Wake up Mr. Henry and hire me. You could do worst.

Wake up Mr. Henry and hire me. You could do worst and need a breath of fresh wind. I’ll Work for board and lodging and a pint on Fridays.

Before this season started Liverpool needed two new strikers to compliment Carroll and Suarez, and what did the Wise Men do? The got tid of Carroll! Along with Kuyt.
Liverpool thus started the season in worse condition than when they started last and my God, are they going to pay for it! First off I trusted that Mr. Henry but now I have reverted to my general distrust of everything American.
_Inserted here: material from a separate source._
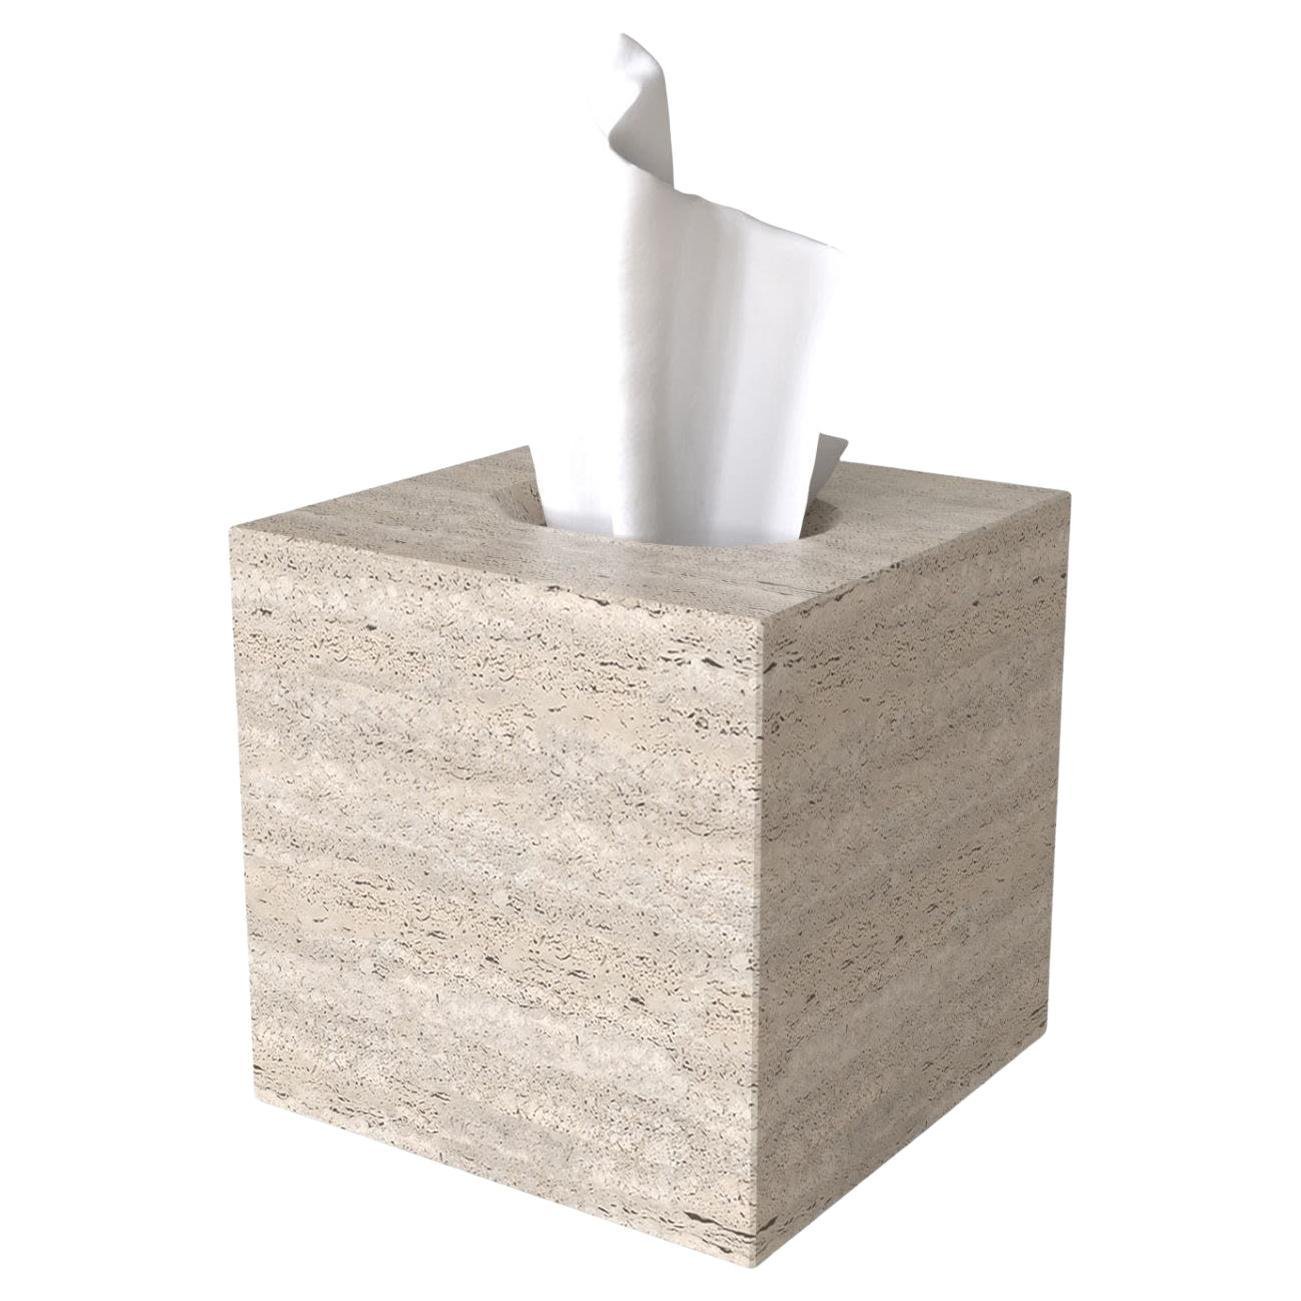 travertine-tissue-box-cover-natural-stone-tissue-box-holder-bathroom-vanity-decor

They think only in bucks and no number of open letters is going to confuse me.
I cannot recall when last I felt about my beloved club the way I do now. With Houllier perhaps, but even his team was better. Thje Great  Rafa was dismissed, Kenny was dismissed, and for what? A bloody Mick from Swansea with his cute little notebook.
and a shitload of teenagers.
There are two things that bare out my pessismism. No three; Lawro has no faith in us, the deadly silence from the crowd at Anfield after Arsenal slaughtered us, and the thousands of empty seats. Welcome to British football Mr. Henry. If anything is long term, British football is not. Its war, Mr. Enery, and one adapts to the circumstances of war, where the shit hits the fan from the first whistle.
By the way, Employ me. I know a great deal about this, have the dressing room with me, and have a thing or two to change.